_Work task_: Whenever the string "Deutschland" appears in a line below, please copy the line out.

_Data_:

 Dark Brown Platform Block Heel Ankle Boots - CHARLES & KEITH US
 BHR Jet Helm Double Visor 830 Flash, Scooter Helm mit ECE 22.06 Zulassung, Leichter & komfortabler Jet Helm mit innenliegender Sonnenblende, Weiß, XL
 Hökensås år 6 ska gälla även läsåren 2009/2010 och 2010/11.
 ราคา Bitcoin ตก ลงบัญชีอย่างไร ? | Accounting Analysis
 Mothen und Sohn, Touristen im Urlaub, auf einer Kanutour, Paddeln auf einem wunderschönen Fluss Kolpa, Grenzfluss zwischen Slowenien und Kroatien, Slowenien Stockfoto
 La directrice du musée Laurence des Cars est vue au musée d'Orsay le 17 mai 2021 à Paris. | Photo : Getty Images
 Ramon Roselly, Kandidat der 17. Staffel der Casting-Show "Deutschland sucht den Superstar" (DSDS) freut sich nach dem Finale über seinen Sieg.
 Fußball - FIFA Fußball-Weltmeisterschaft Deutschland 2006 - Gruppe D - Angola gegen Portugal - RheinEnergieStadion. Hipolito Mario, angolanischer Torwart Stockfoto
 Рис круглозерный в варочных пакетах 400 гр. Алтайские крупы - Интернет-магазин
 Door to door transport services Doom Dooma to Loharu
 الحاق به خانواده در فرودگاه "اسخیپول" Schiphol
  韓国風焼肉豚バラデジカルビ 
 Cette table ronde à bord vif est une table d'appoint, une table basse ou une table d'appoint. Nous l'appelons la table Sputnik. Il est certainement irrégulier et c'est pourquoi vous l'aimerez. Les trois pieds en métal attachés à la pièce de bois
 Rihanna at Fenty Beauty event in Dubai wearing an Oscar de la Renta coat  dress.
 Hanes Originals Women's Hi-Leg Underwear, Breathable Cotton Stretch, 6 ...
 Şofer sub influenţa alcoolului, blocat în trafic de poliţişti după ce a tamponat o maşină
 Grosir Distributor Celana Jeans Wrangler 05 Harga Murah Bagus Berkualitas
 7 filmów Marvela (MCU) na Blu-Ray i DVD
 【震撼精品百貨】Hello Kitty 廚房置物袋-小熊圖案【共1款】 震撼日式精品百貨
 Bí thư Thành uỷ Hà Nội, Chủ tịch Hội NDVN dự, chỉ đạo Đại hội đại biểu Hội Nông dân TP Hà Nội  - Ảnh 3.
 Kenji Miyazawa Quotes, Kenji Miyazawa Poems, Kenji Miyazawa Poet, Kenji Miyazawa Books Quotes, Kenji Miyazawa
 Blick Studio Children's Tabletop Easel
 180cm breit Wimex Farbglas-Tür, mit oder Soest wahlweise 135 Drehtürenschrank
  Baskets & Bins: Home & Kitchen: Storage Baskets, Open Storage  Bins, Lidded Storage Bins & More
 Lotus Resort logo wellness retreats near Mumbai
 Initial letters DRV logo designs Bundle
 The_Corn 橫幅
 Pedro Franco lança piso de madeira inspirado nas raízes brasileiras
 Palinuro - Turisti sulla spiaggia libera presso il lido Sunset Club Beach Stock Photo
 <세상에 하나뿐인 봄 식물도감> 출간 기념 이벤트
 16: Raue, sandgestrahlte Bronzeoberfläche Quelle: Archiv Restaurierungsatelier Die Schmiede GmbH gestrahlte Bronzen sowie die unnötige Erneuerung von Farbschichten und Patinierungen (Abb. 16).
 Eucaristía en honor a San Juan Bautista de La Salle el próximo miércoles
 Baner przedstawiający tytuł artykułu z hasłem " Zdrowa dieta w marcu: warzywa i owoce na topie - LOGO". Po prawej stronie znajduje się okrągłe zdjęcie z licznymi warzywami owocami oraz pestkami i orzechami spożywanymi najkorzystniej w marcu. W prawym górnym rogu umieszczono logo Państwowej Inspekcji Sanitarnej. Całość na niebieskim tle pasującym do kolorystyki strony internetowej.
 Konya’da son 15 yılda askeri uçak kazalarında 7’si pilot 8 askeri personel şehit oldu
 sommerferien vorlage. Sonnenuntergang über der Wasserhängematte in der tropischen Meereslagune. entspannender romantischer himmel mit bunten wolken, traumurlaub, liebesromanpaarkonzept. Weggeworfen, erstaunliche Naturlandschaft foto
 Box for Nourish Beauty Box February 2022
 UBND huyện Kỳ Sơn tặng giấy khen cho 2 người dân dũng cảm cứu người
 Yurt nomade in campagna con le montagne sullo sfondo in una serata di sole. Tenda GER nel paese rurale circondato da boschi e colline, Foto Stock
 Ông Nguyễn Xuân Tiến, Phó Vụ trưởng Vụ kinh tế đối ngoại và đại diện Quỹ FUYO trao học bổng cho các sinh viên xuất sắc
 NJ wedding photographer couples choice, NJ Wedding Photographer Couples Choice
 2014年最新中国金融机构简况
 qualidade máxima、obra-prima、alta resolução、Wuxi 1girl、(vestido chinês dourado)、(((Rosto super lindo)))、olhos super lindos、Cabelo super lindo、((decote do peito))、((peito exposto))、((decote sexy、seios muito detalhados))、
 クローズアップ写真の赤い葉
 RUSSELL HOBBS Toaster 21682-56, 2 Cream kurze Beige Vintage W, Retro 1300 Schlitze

_Exercise output_:
 Ramon Roselly, Kandidat der 17. Staffel der Casting-Show "Deutschland sucht den Superstar" (DSDS) freut sich nach dem Finale über seinen Sieg.
 Fußball - FIFA Fußball-Weltmeisterschaft Deutschland 2006 - Gruppe D - Angola gegen Portugal - RheinEnergieStadion. Hipolito Mario, angolanischer Torwart Stockfoto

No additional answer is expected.